Lagrangian PPO Reward Tuning — Exploration Log

Related documentation

• Lagrangian PPO — main design doc with architecture, config tables, results summary, and Section 6: Design Iterations (chronological summary of all major changes)
• Reward Redesign — the non-negative reward transformation that resolved the crash-to-escape problem
• Problem Formulation: CMDP — formal CMDP with \(s_\text{min}\) / \(s_\text{max}\) constraints

1. Overview

Goal: Train a Lagrangian PPO agent for safe car-following on a ring road.

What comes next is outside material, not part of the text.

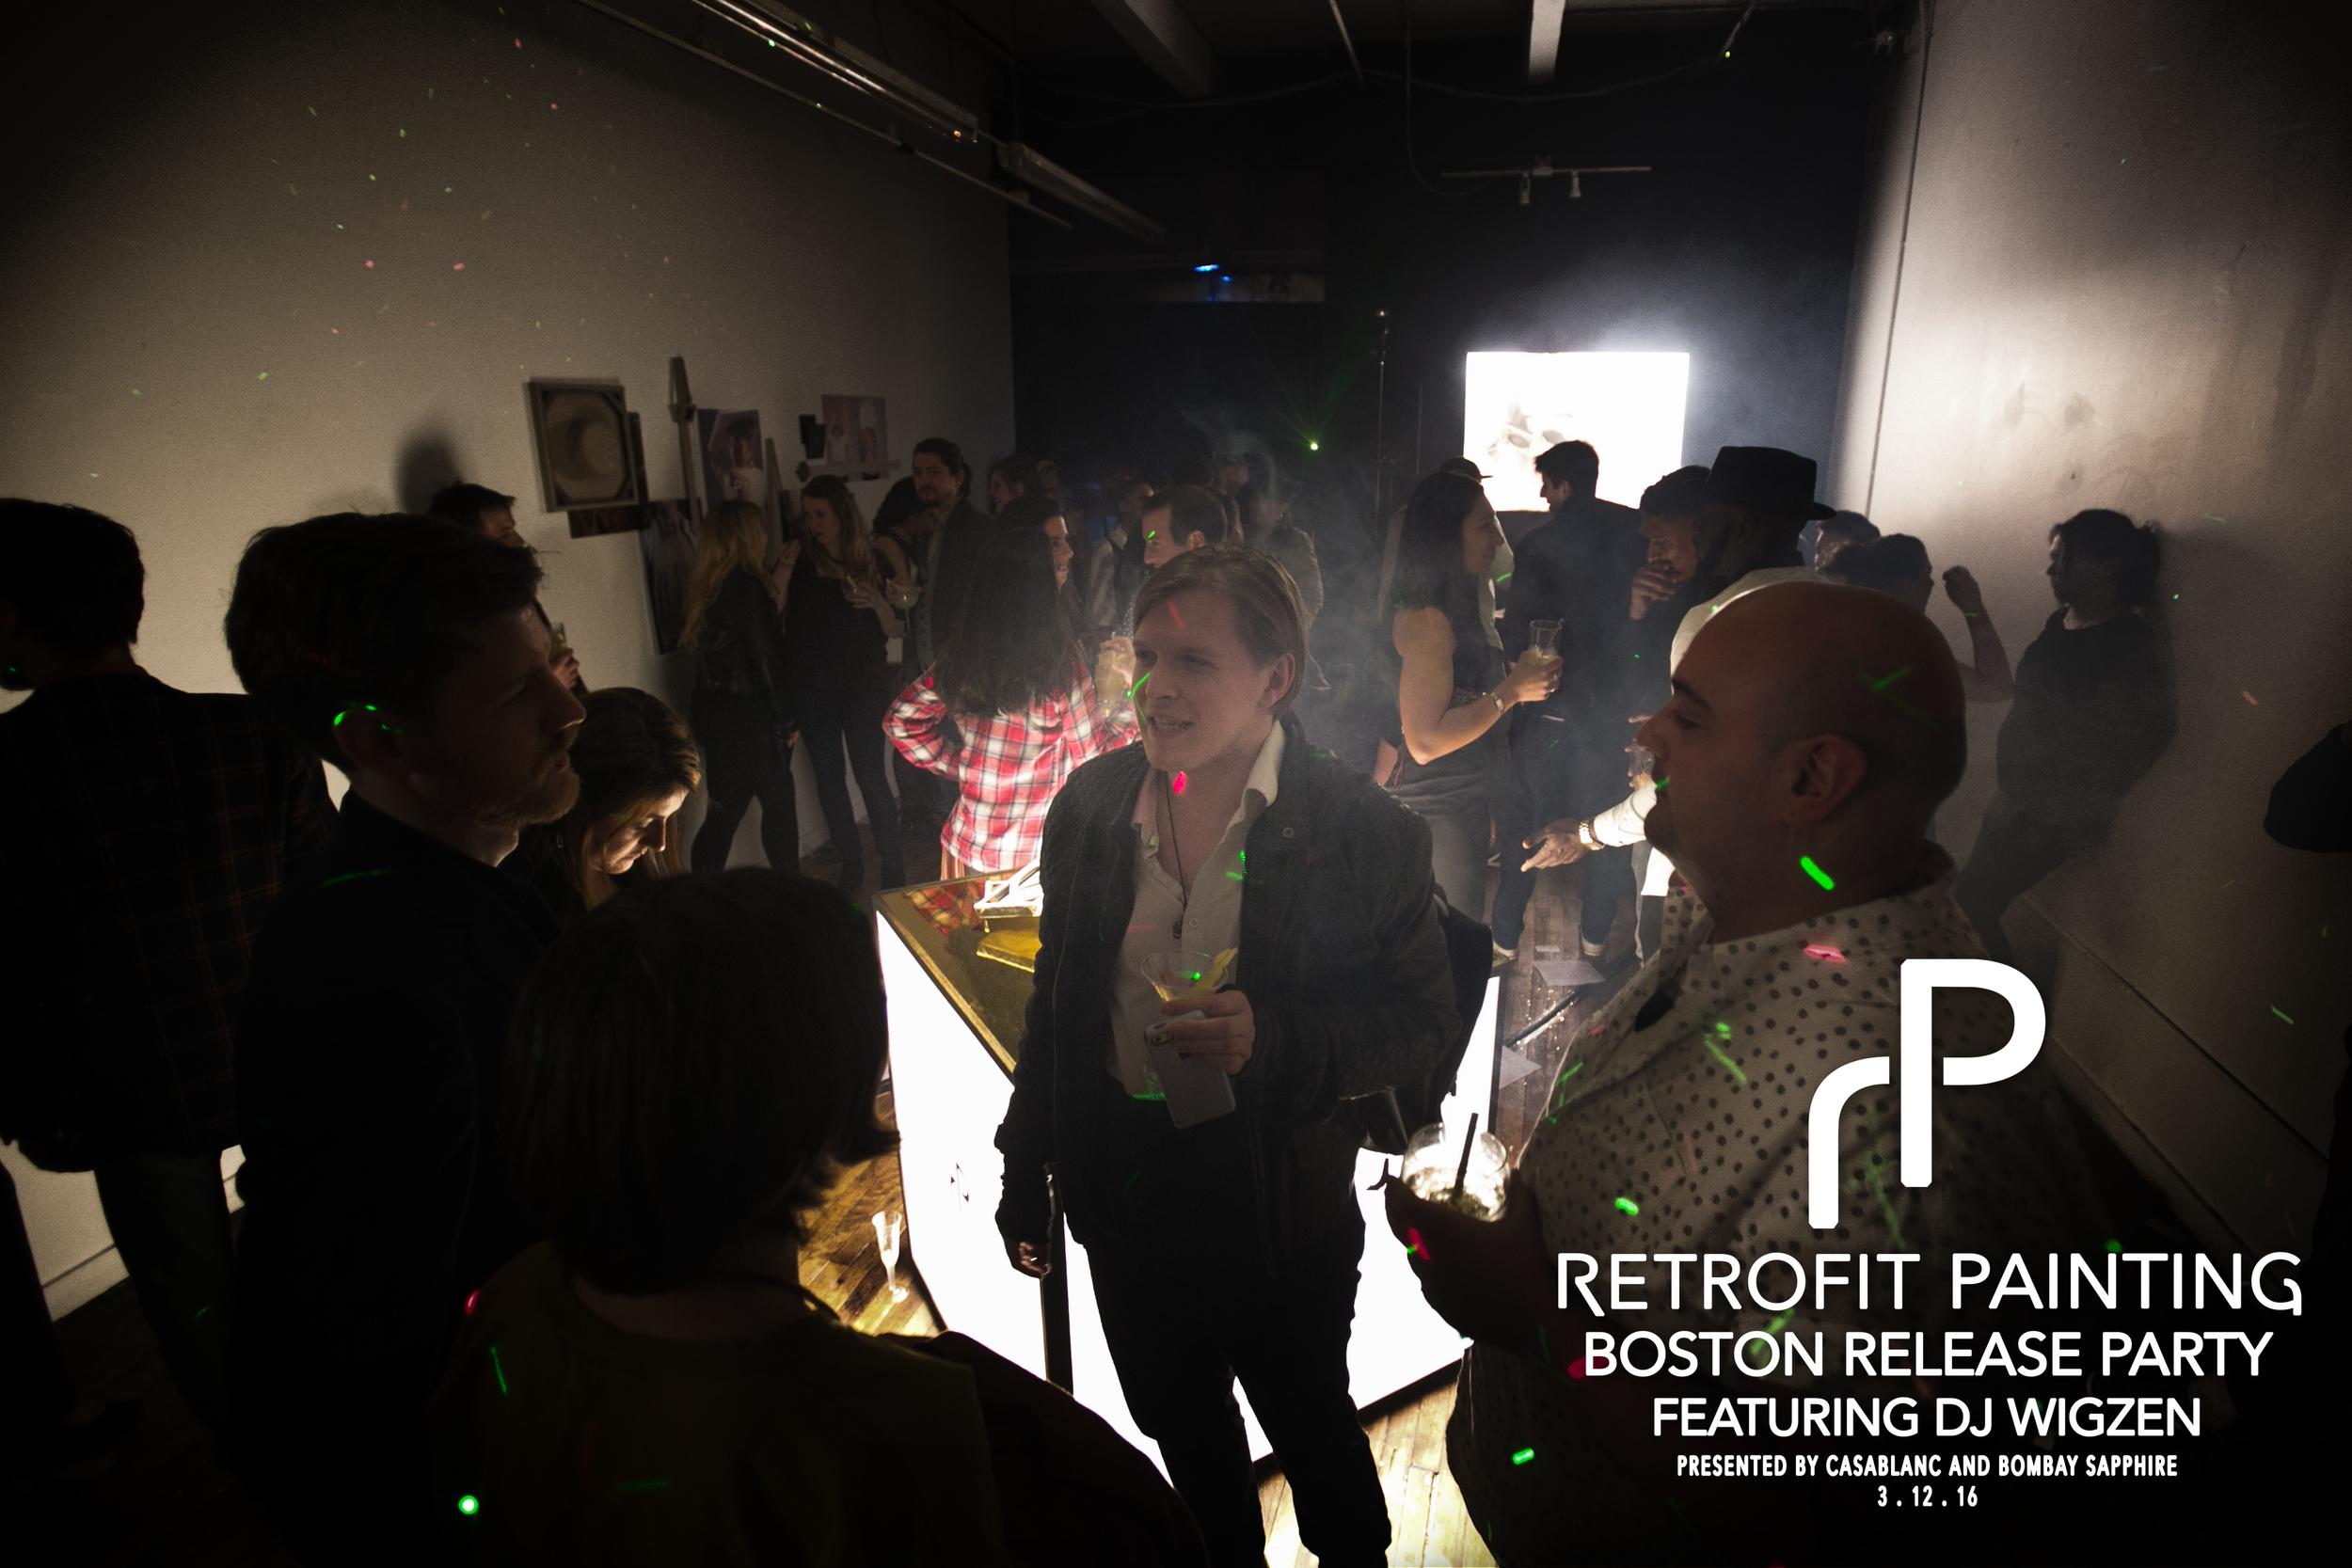 Retrofit Painting Boston Release Party 0211.jpg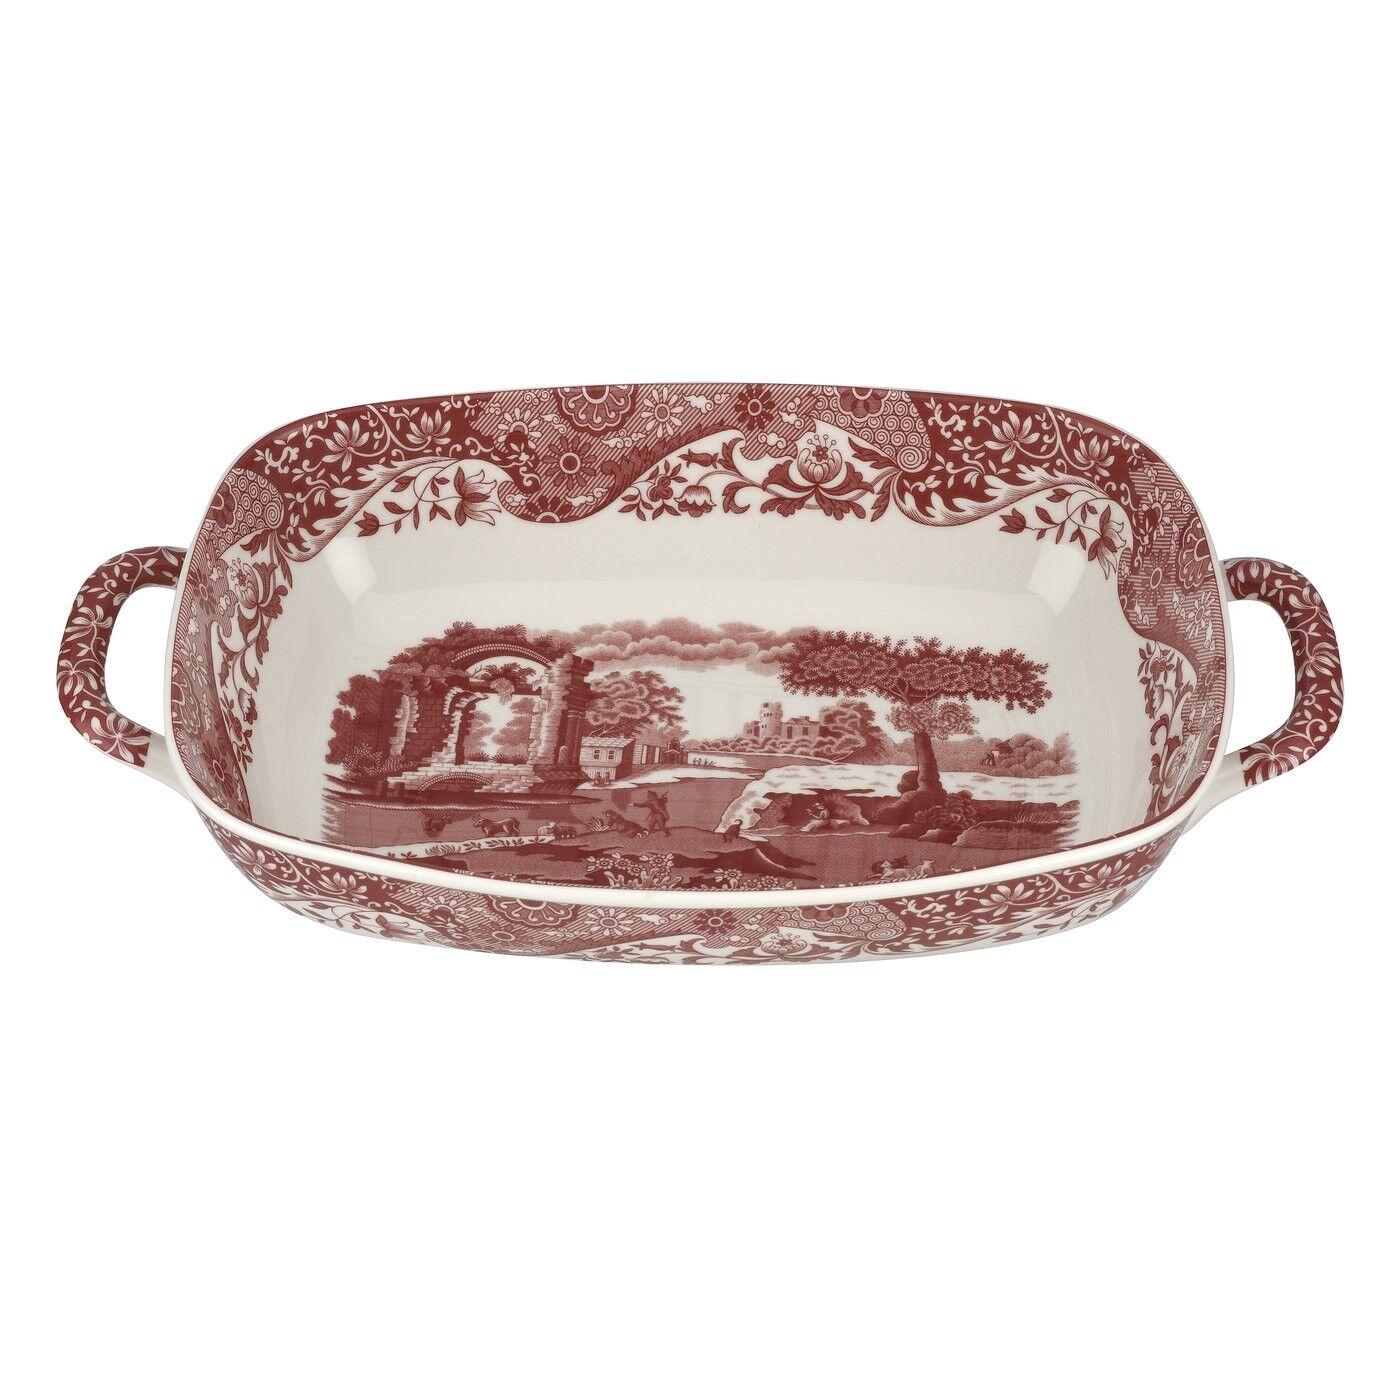 Spode Cranberry Italian Serving Dish, 29x20 cm

Setup: - 4 vehicles: 1 head vehicle (car0) + 1 CAV agent (car1) + 2 HDVs - Head vehicle changes speed randomly every 15s (range 5–20 m/s) - Reward: DeeP-LCC cost-based (velocity error + spacing error + control penalty) - Key config flags: disable_sumo_safety=True, enable_safety_layer=True

Reward function (ring_env.py:645, compute_lcc_reward):

J = weight_v * sum((v_i - v_eq)^2)     # all vehicles except head
  + weight_s * clip(gap - s_star, ±20)^2  # CAV only
  + weight_u * accel^2                     # CAV only

reward = max(J_max - J, 0) / J_max    ∈ [0, 1]

Initial weights: weight_v=1, weight_s=0.5, weight_u=0.2, s_star=20m. (Later rebalanced to weight_v=5.0, weight_u=0.1 — see Section 7.)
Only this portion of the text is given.